# Michelin Dry Rot



## camping479 (Aug 27, 2003)

I was checking the tire pressure on the DW's truck yesterday and noticed all four tires around the rims, about 3/4 of an inch wide are dry rotted. They are Michelin LTX A/S, the dates are from '05 and they only have 2700 miles on them!! The truck was an '06 leftover so it sat on the lot for a while but seems way to soon for them to be dry rotted.

I'm going to take it to a local michelin dealer and see what they have to say. If they can't do anything I guess I'll be off to the dealer.

This is a new one on me, any ideas??

Mike


----------



## Fire44 (Mar 6, 2005)

If the tires are factory from GM, take it back to the dealership. GM's 3 year/36,000 mile warranty covers the tires too.

Gary

Sorry.....I didn't see that you had a Dodge. I would start with the Dealer first.


----------



## wayne054 (Aug 4, 2007)

I've noticed similar cracking on my Michelins LTX's A/S. I have an 07 Dodge I purchased new in June, truck now has less than 4K on the truck and all four tires have cracking like you've noticed within 3/4" from the bead all around the tire. 
I'll be visiting my dealer actually tomorrow (10/10). Will keep you posted on the outcome.


----------



## camping479 (Aug 27, 2003)

Update.......

Went to two michelin dealers that are around the corner from work and both told me to start with the dealer which I will stop to see tonight. I was hoping I could get somebody close by to handle it but no go.

Mike


----------



## Rip (Jul 13, 2006)

My 2006 Dodge had the same cracks and Michelin replaced all my tires and spare!!!!! Big write up on http://www.dieseltruckresource.com/dev/sho...=michelin+tires Did not have to pay a dime!!


----------



## camping479 (Aug 27, 2003)

Another update.........

Went to the dodge dealer last night and they told me to go to a large tire dealer down the street which by then was closed. Being slightly annoyed at being bounced around between 2 tire stores and the dodge dealer I called Michelin. They documented my case and told me to go to any dealer nearby, tell them to call Michelin and they would take care of it. I just got back from sears, they were very nice and happy to help out, the process took some time and several calls but new tires are on their way from the warehouse.

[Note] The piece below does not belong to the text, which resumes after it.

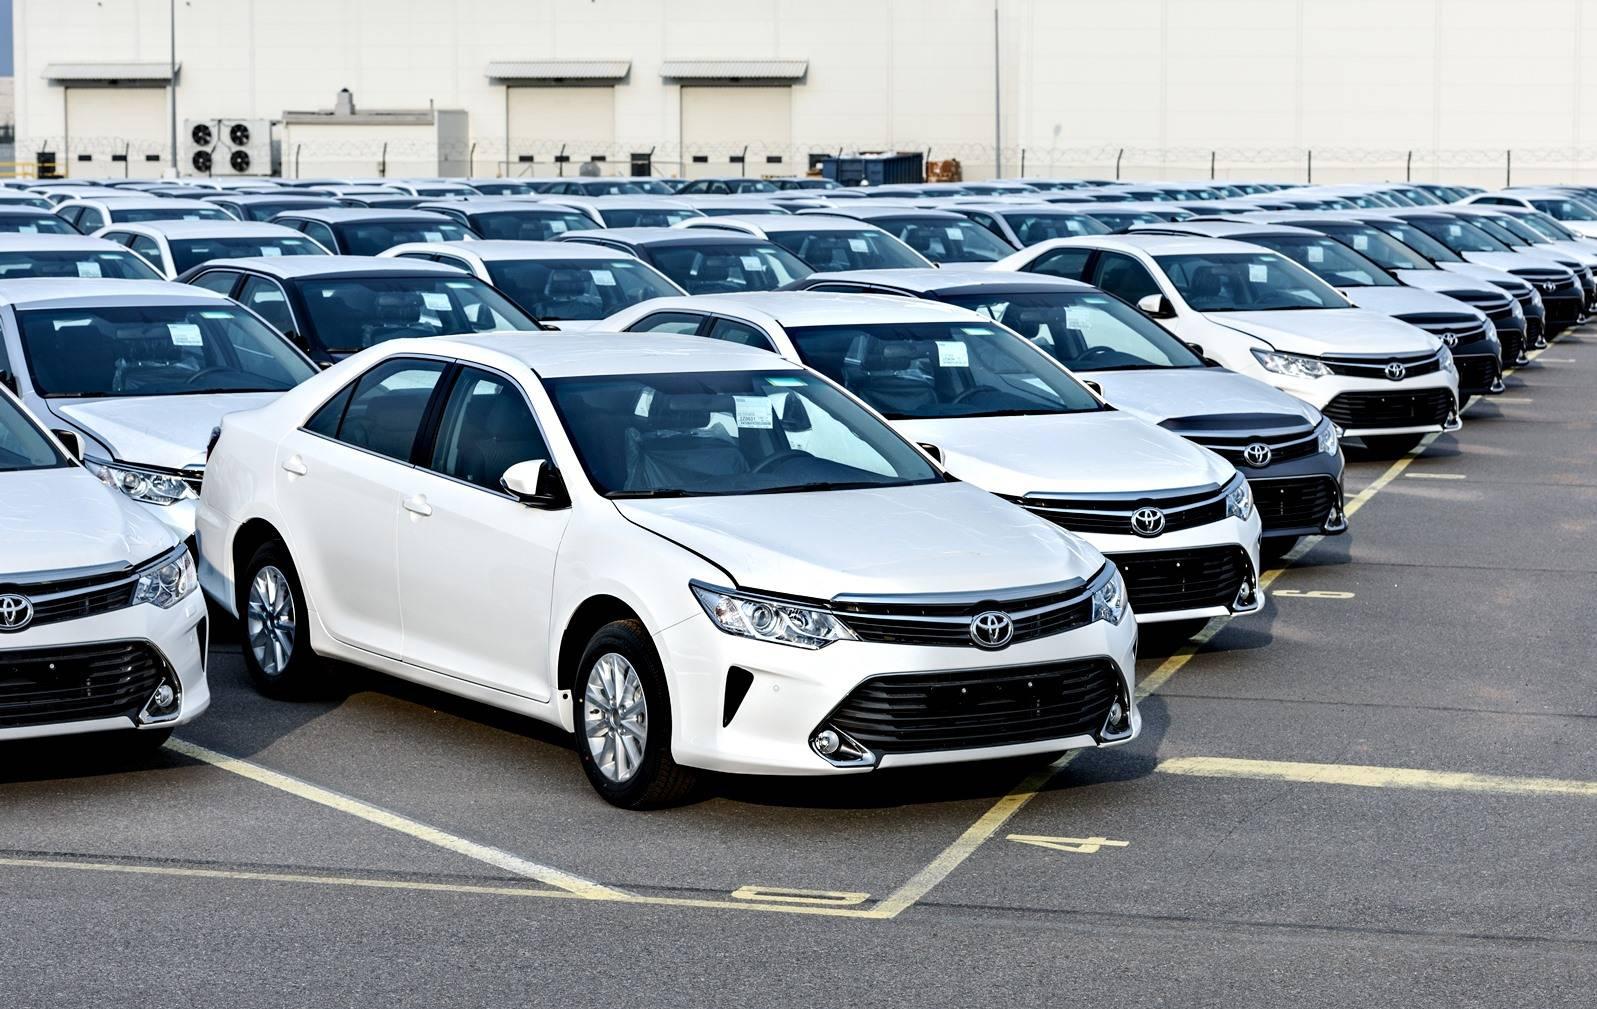 Сколько стоит привезти автомобиль из японии с аукциона? новости партнеров - новости партнеров 193. metro

Michelin says the cause of the cracks around the rim was the truck sitting on the dealers lot for almost a year without being used. Their explanation was car tires need to be driven so they heat up and flex which releases the oils in the rubber to keep it from cracking. I've read that before about trailer tires, they crack before they wear out because they don't get used enough to keep them flexible.

Mike


----------



## tdvffjohn (Mar 10, 2005)

Glad you have it sorted out. New Michelins is not a bad ending to the trouble. It does get annoying getting sent all over tho.

John


----------



## wayne054 (Aug 4, 2007)

camping479 said:


> Another update.........
> 
> Went to the dodge dealer last night and they told me to go to a large tire dealer down the street which by then was closed. Being slightly annoyed at being bounced around between 2 tire stores and the dodge dealer I called Michelin. They documented my case and told me to go to any dealer nearby, tell them to call Michelin and they would take care of it. I just got back from sears, they were very nice and happy to help out, the process took some time and several calls but new tires are on their way from the warehouse.
> 
> ...


Hey Mike, my ending is pretty much similiar to your's....it finally took a call to Michelin and they directed me to a nearby Discount Tire store. Long story short, my new tires are on the way. Only out of pocket expense is Mounting and Road Hazard which is peanuts compared to the price of a set of new Michelins.


----------